Faircast Inc. begins business as usual

By Nicole Major, Ledger staff writer | Jul 12, 2017

Faircast, Inc., the group that recently purchased certain assets of the formerly known Fairfield Castings LLC, opened its doors for business Thursday — hiring nearly 40 percent of the foundry’s former employees.

According to a news release, Faircast announced to the Fairfield Economic Development Association that it had immediately created 89 jobs; on July 3, Faircast filled those positions with experienced talent from the former foundry.

Before the foreclosure, Fairfield Castings employed 221 people, of which, most were displaced in June.

“The plan is to grow the business back to its former level,” said Faircast spokesman Roger Vorhies. “We want the foundry to be sustainable, so scaling into the growth is important to us.”

Vorhies, who said 12 owners make-up the Faircast group, explained that “the plan is to go up to prior levels of employment ... customer demand is what drives the business in employment.”

Vorhies said the group did not know for certain how long that would take, but that “the business plan should manifest itself in its entirety within 2017. It will become much more clear by the end of the year.”

Vorhies said Faircast doesn’t know how many Fairfield Castings customers were retained or how many were lost permanently.
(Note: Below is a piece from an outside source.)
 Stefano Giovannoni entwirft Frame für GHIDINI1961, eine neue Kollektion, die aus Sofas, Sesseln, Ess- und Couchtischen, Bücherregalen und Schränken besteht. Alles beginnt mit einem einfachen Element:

However, a number of previous customers are remaining loyal, and working with the company through the startup phase.

“The management team is in the process of renewing customer relationships, as well as reconnecting with previous suppliers,” Vorhies said. “These partnerships are critical to the foundry’s success.”

Vorhies said, although the plant was only closed for two weeks, it might as well had been two years.
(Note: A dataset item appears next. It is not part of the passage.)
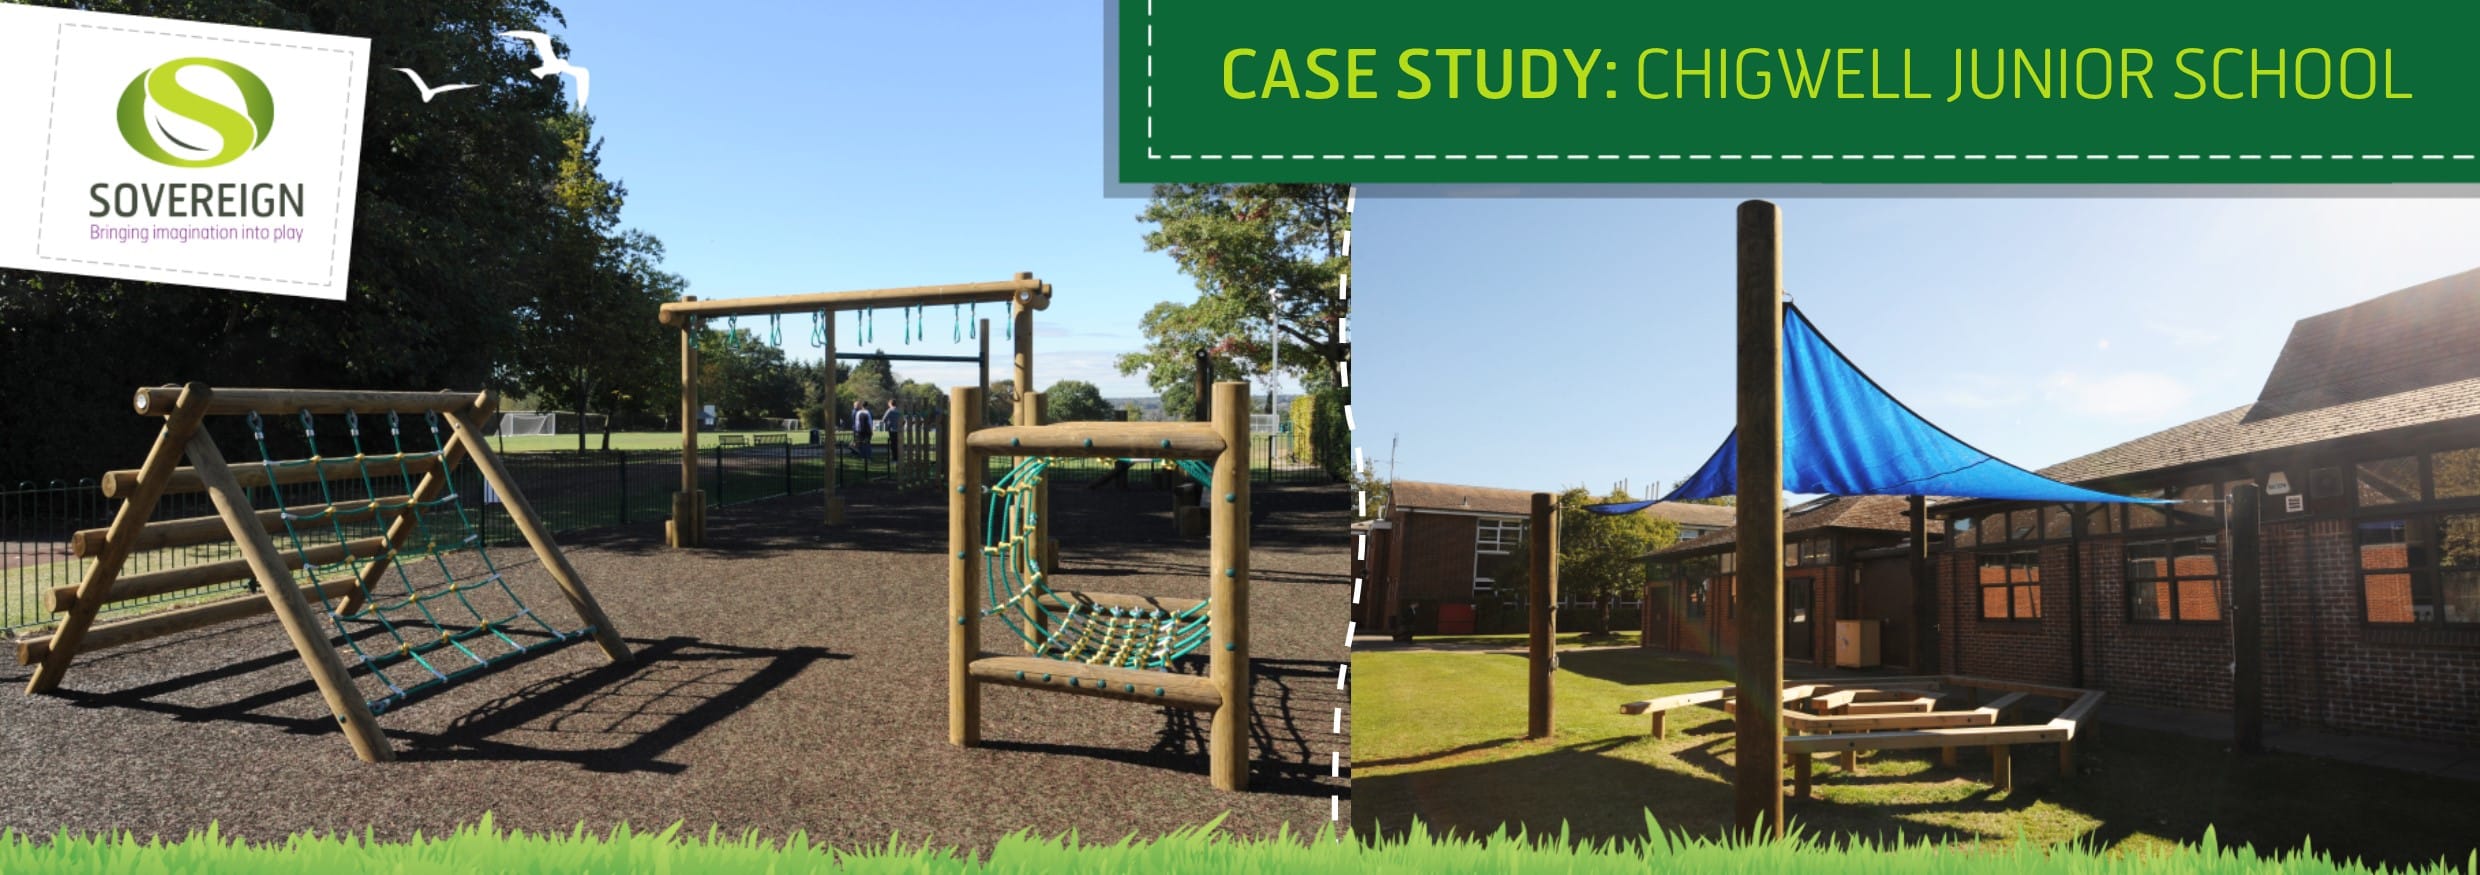 Case Study: Chigwell Junior School

“The startup is new in every significant way,” he said.

As far as the remaining displaced workers, FEDA executive director Joshua Laraby said strides were being made to assist them.

“What FEDA knows is that a portion of displaced workers are now back to work, and a portion have been placed in local companies. There are some folks who are still displaced,” Laraby said. “In response to the displaced workers, FEDA held a job fair to assist them in finding employment opportunities.”

Laraby said FEDA would continue to work to help those who lost their jobs.

Vorhies said Faircast was also working with FEDA.

“Faircast is working closely with Josh Laraby though this transition,” he said. “We’re looking at a variety of business development opportunities, including incentives. He’s been a great asset in the process.”

“It’s been a pleasure assisting the new ownership, and I am pleased that the operations will stay in Fairfield,” Laraby said.

The Ledger will report more on this story as information becomes available.